Posted: Tue Oct 31, 2006 5:58 pm
by Veg_Ian
I owe you an apology Yamaha there is an ECU diagnostic routine (I was getting mixed up with engine management systems in petrol cars).
So I've disconnected the battery and pressed the brake pedal as it says in the manual, checked all fuses and the glow plug light continues to flash. I think all systems work (I'll check that next) but I don't seem to be able to cancel the diagnostic light.
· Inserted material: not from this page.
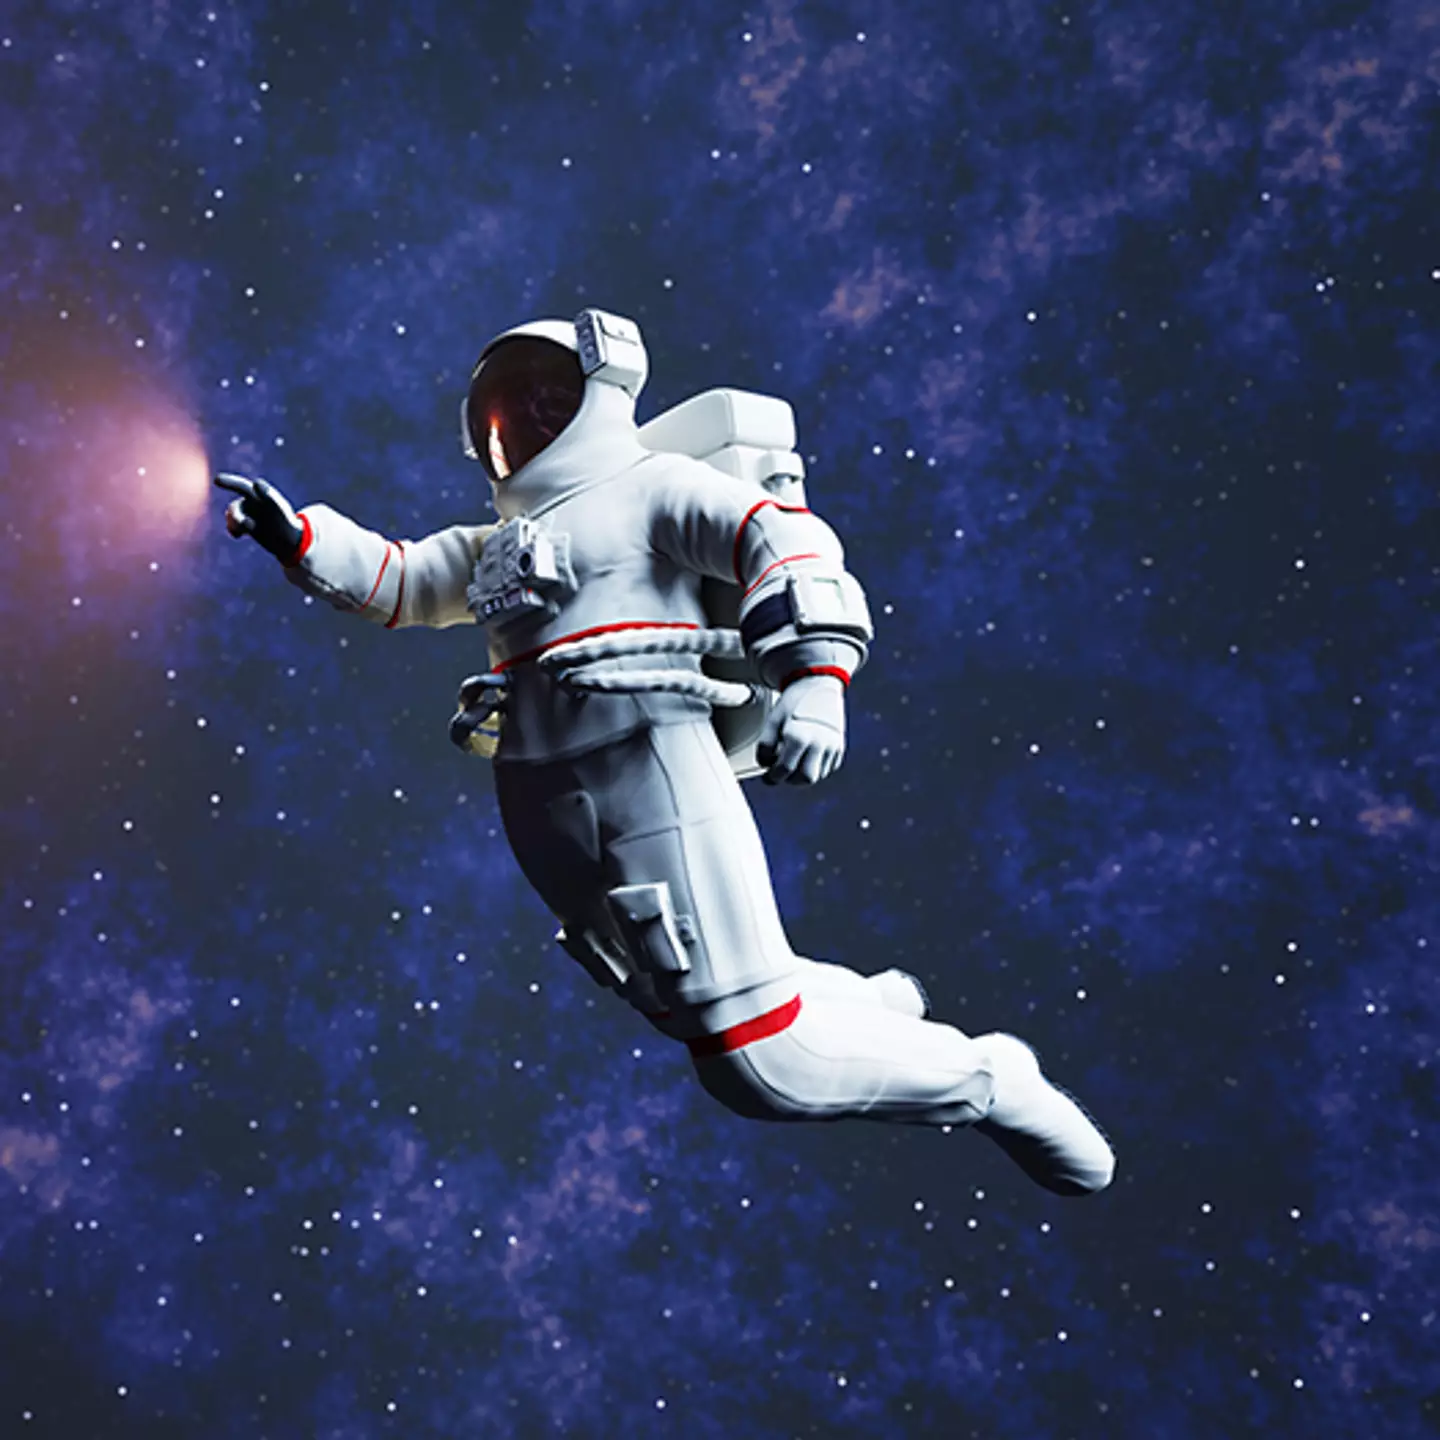 Creepy video shows how long humans could survive in space without a spacesuit
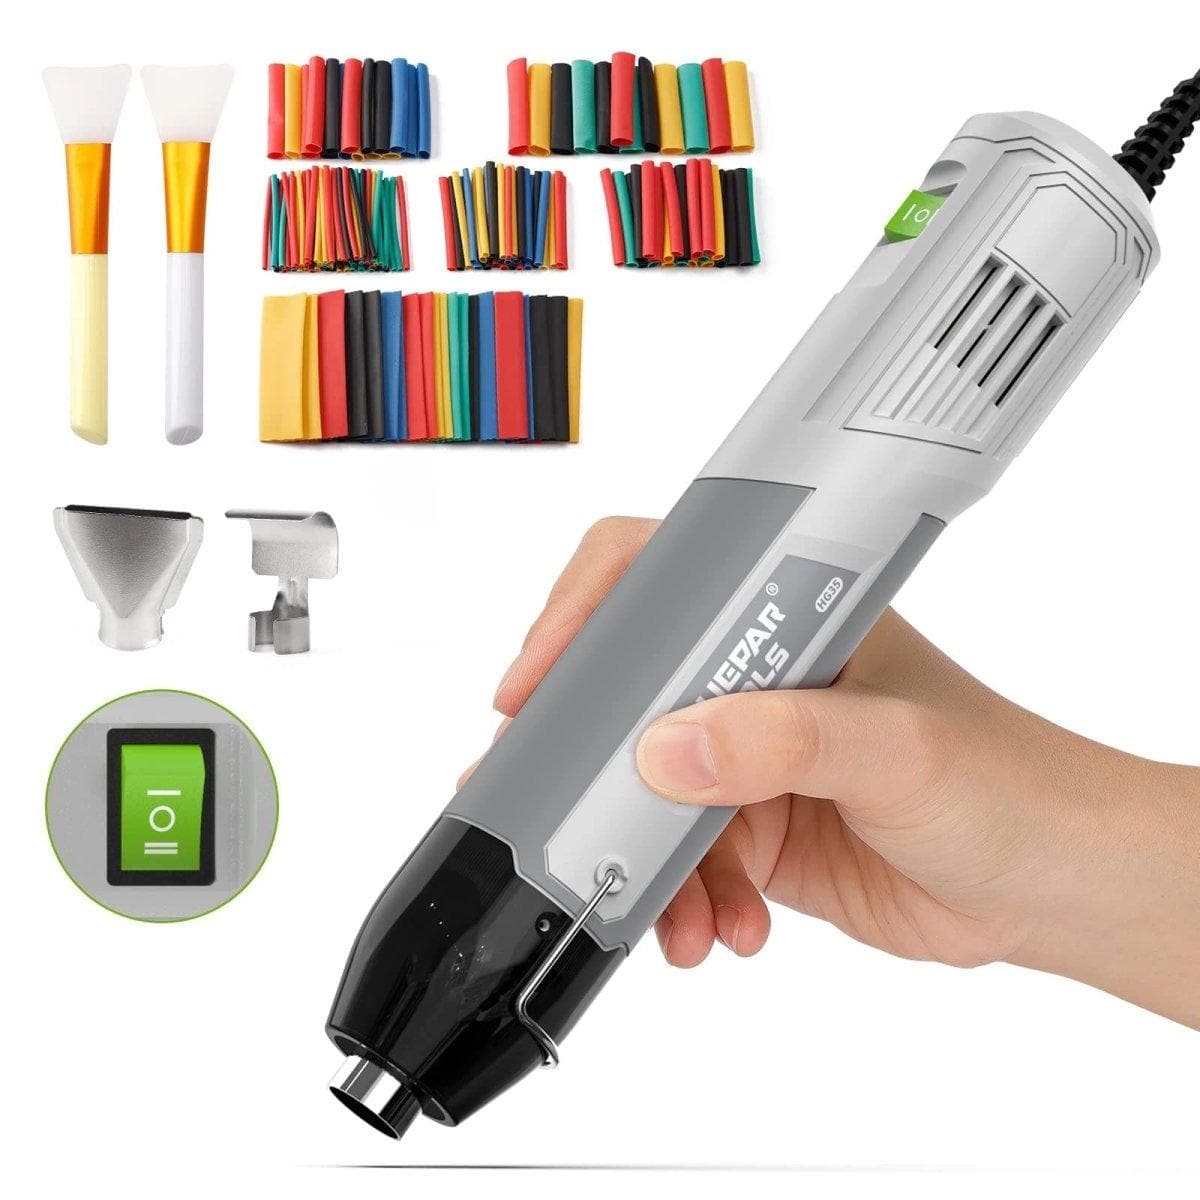 Huepar Tools Mini Dual Temp Heat Gun for Crafts with Shrink Wrapping, Embossing, Candle Making Accessories, Including Heat Shrink Tubes, Silicon Brushes, and Nozzles5

Oh well at least it isn't raining (yet)

Posted: Tue Oct 31, 2006 6:30 pm
by Yamaha
No apology needed, Ian - it was only a stab in the dark!!
I'm a new convert to Bongo'ing, so I'm still on a steep learning curve!
Managed to win a towbar on eBay - it arrived at 10am - along with the rain!
Luckily, it cleared after dinner, enabling some progress to be made - the towbar is fitted and bolted up - just the wiring to do tomorrow!!
Hope you sort your problem out - can't think what would have caused that fault. I'm sure someone more knowledgable will provide an answer.
Mike
Posted: Tue Oct 31, 2006 8:27 pm
by Veg_Ian
Hahahaha!! I definitely get dafter as I get older. When checking the fuses I omitted No1 Interior because I've done the Pippin mod. and connected the interior lights to the leisure battery. As I had disconnected the relay and stuff it didn't occur to me it could be my 'new' No1 fuse. It was! So all cables and fuses uprated and connected up, glowplug light is no longer flashing and all is go. Moral of the story - don't be too quick to overlook the obvious.
Thanks guys. Time to close this thread I think.